The early chapters of The Strain of Other Blood are a bit rough. There just isn’t a whole lot of surviving information about Ruth’s childhood or adolescence to write about. Allen instead focuses on telling the story of her research journey—how she tracked down surviving relatives, connected with them, and learned what they knew about Mother Ruth. Ultimately, though, Allen always had more information than they did and the lack of information or remembrance simply serves to underlie how history can be forgotten.

You also get an early suspicion that Mother Ruth is a complicated figure. She has a demanding, no-nonsense attitude that blossoms once she is able to obtain leadership power. By the second half of the book, Allen has moved into Ruth’s later and more well-documented ministry as head of a school in New York that grew to be rather prestigious. There’s a whole chapter about how Madeliene L’Engle’s children attended there with L’Engle being part of the school for some time as her own fame began to grow.

Overshadowing all of this is Sister Mary’s complicated relationship with race. As the title The Strain of Other Blood might imply, Mary was biracial—biracial to the point of being White-passing, in fact. The title of the biography refers to Mary’s own term for her racial heritage. Mary was Black, yes, but her Blackness was also an “other.” Through the book, we see that as Mary obtains more power, she becomes Whiter—being marked as such on census forms and downplaying any connection to her Blackness. At one point in the biography, Allen relates talking to a Black former student at the school, now nearing their 70s, who was shocked to learn that their former headmistress was Black.

Allen also avoids hagiography, presenting Mother Ruth as a complicated authoritarian figure. Most of the former students she spoke with did not have fond memories of Ruth, instead pointing to her harsh disciplinarian nature. The final chapters detail Ruth’s final years, where she is forcibly ousted from control of the school, mistreats her caretakers, and refuses to reconcile with family. Yet, despite this, Allen seems to view Ruth as a positive figure with a strong faith and a determination to follow what she felt was God’s will.

There are definitely things I wish The Strain of Other Blood had done differently. Based on the title, I thought there would be more depth to the discussion of Ruth’s Blackness and her relationship to her ethnic heritage. It certainly seems to me that Ruth believed that the best way to succeed in life was to downplay her ethnic and familial background and become White. Was Ruth simply pragmatic? Did her pragmatism here lead to her obsessive authoritarianism elsewhere? Was her treatment of Black students as a school leader based on the trauma of racism in her past? There’s a lot to explore here that Allen, by focusing only on the biographical elements, touches on but never explores in much depth.
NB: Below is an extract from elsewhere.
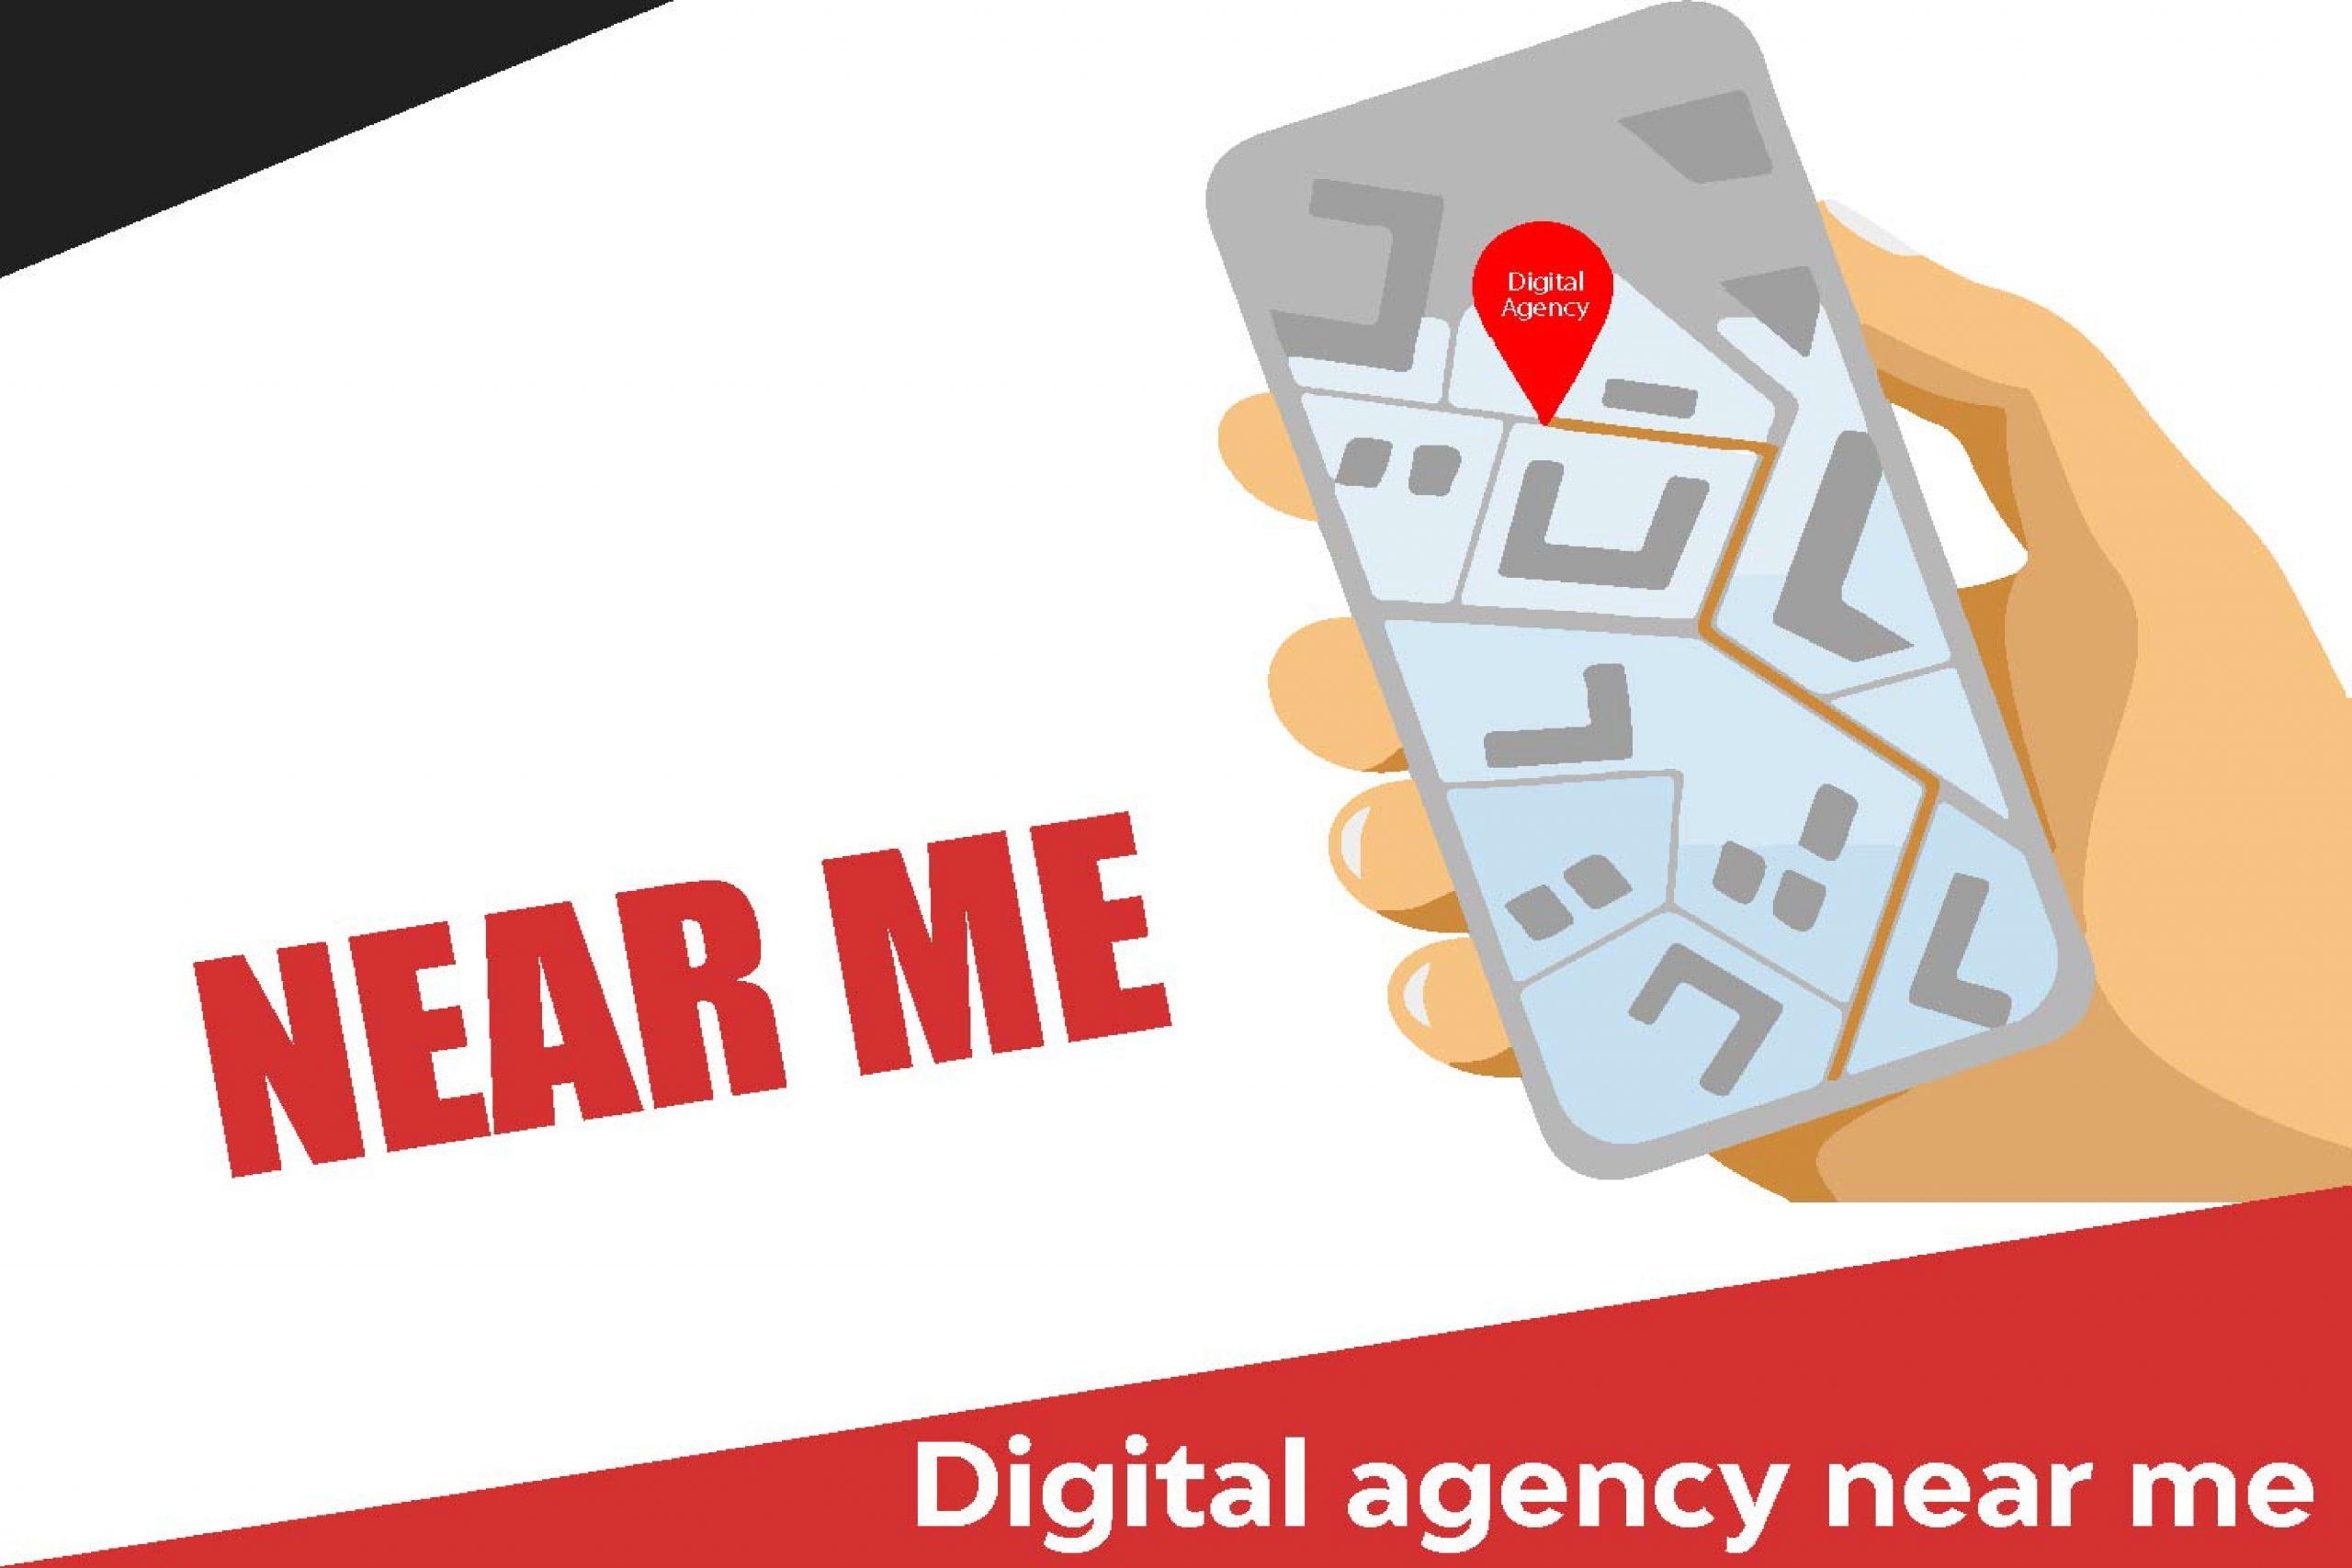 Digital Agency near me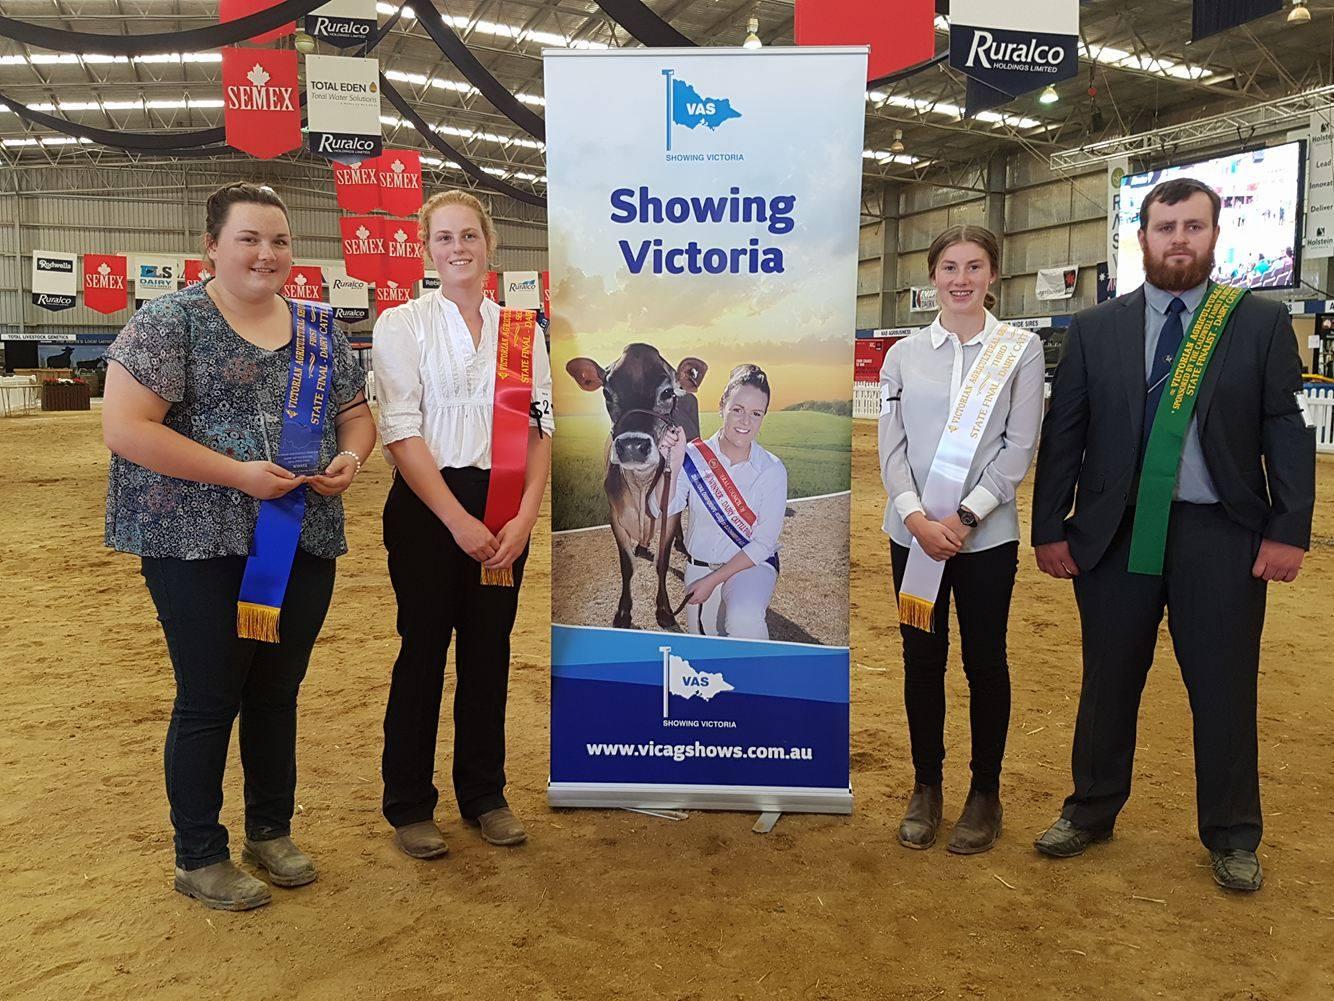 L - R Cally o'shannassy, tamara loughridge, Rachel Dickson & karl munden. winners of the state final of the vas ltd dairy judging competition.

Allen also inserts herself into the biography at many points, weaving somewhat of a twin narrative of biography and memoir—a biography of Mother Ruth and a memoir of Allen’s experience in researching Ruth’s story. As Allen herself is a Black Episcopalian operating in majority White spaces, including spending time living in a convent, she has a similar experience with Ruth in being a racial minority within a religious order. Allen speaks about the troubling experience of living in a room termed a “cell” while being subject to someone called a “superior” and forced to live under strict guidelines while researching part of her book. This tie back to Ruth’s own experience and their shared racial trauma of ancestral enslavement forms a powerful concept within the book that Allen doesn’t develop in fulness.

All that said, it’s an interesting book about a deeply complex person that—as the length of this review shows—has led me to some deep thinking and reflection. If you have an interest in Mother Ruth, in Episcopal religious orders more broadly, or in women in religious leadership even more broadly, this may be something you would enjoy.